Modern men try to surround themselves not with gorgeous beauties, but with lean models. Irina, does your husband not adhere to the same canons of beauty?


If I am constantly in the same parameters, then the roles will be monotonous. I realize that it is necessary to support myself in the form, but I will never reach a model size and do not want it! This is my natural constitution. And my husband loves my magnificent forms!

You confirm that a successful artistic career and an ideal female figure are interrelated?

Of course. Sometimes, because of the imperfection of the figure, you lose the role. Although nobody told me about it. And once there was an amusing incident with the director Alexei Uchitel. For his picture "Space as a presentiment" it was required to lose weight a little. I sat on the diet of Dr. Volkov, which is that the composition of blood is determined by "desirable" and "undesirable" products. For three months I lost a lot of weight. During this period, I was simultaneously confirmed for the role in the film "Walk" of the same Teacher. In the picture you can clearly see how full I am literally in front of my eyes. At the beginning of the movie, I'm a slim girl, and by the end I've already blown.


Irina, is it true that as a child you were fond of fencing? Do you often attack or defend in life?

These skills really helped me on the set of the movie "Return of the Musketeers". In life, I often have to defend myself. Although I am a man of peace. I do not like conflicts, because I do not know how to behave in such situations. When your mother found out that you entered a theater college, she was categorically against it and said: "The world of actors is a constant lie, vulgarity, debauchery. They have an unenviable life. " Now you are convinced that moms are always right? Certainly. However, I understood this before. Such an unflattering characterization of the society of actors is an absolute truth. Of course, there are exceptions.

You came to Moscow from the outback. Have you become a metropolitan thing today?

No, I'm a village girl and do not try to become a capital thing, because it's far from a compliment. I live only home and theater. Everybody knows that I come from the village of Vyksa. Why show off?
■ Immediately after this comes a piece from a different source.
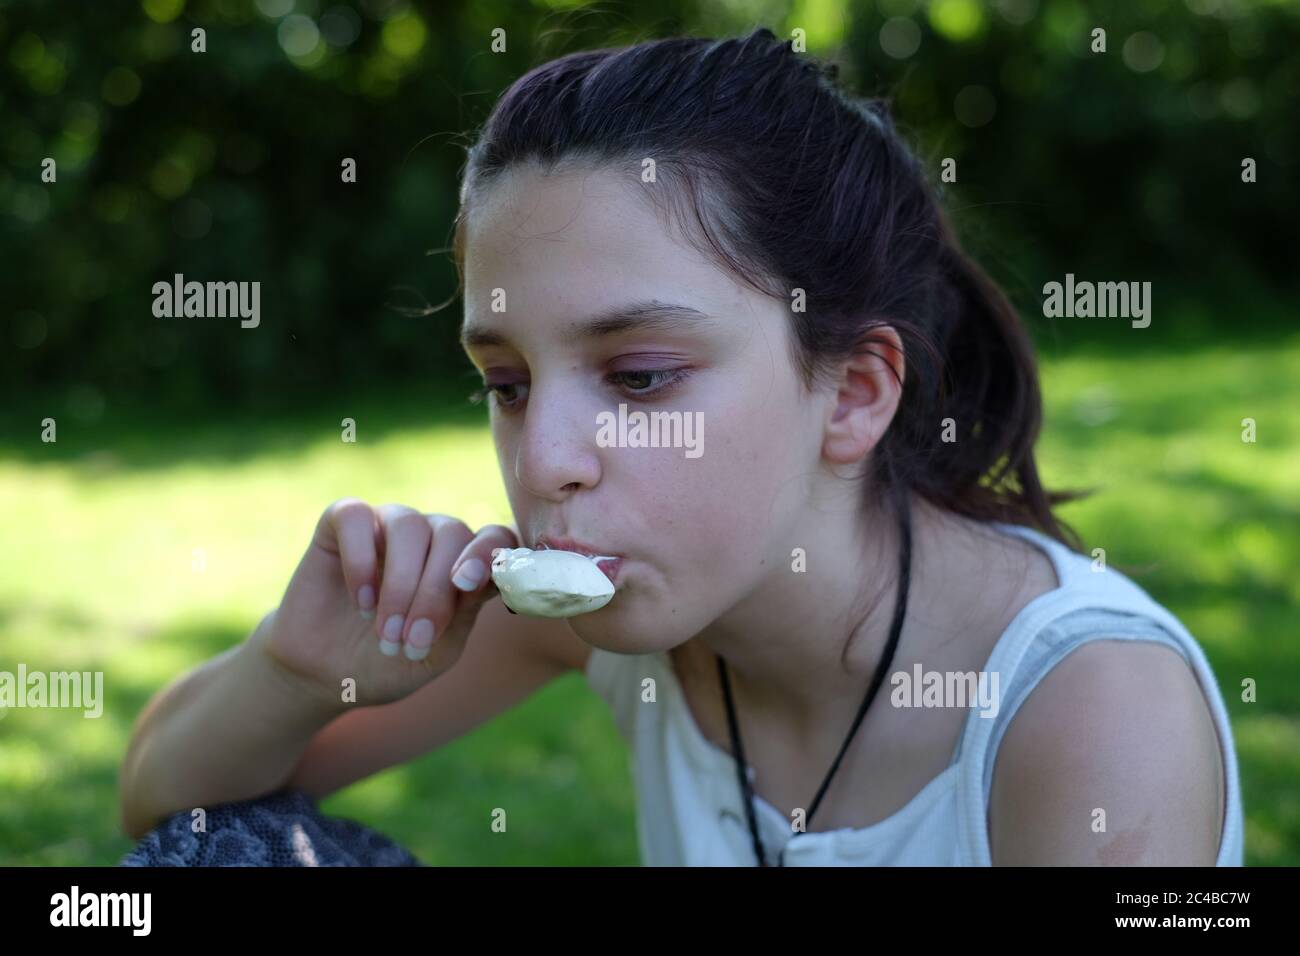 Young teen girl eating an ice cream in the park. Stock Photo

Each of us has his own skeletons in the closet. Are you troubled by past grievances?


Three years ago I left the theater "Pyotr Fomenko's Workshop", where my acting debut took place. Now, facing my former colleagues, I feel uncomfortable and uncomfortable. Although I think that for her career has made the right choice - in favor of the Theater-Studio Oleg Tabakov. This is the only life situation that worries me. We met Pyotr Naumovich Fomenko at one of the events six months ago, but he does not greet me. This is very strange and incomprehensible to me. But as an educated person, I say my "Hello!" And I want to maintain a civilized relationship with him. After all, Pyotr Naumovich is my teacher, I played for five years in his theater. I love and love him, he is an authoritative person for me. The fact that he does not greet me is his choice. If he, thus, avenges me for leaving him in "Tabakerku" - it's not serious. Are you yourself a vengeful person? No. Probably, no one has so much offended me so that I decided to take revenge on a person or make a mockery. I do not want to waste my time, energy and nerves on such stupid things. Although if too much zapolyat - I will answer with dignity.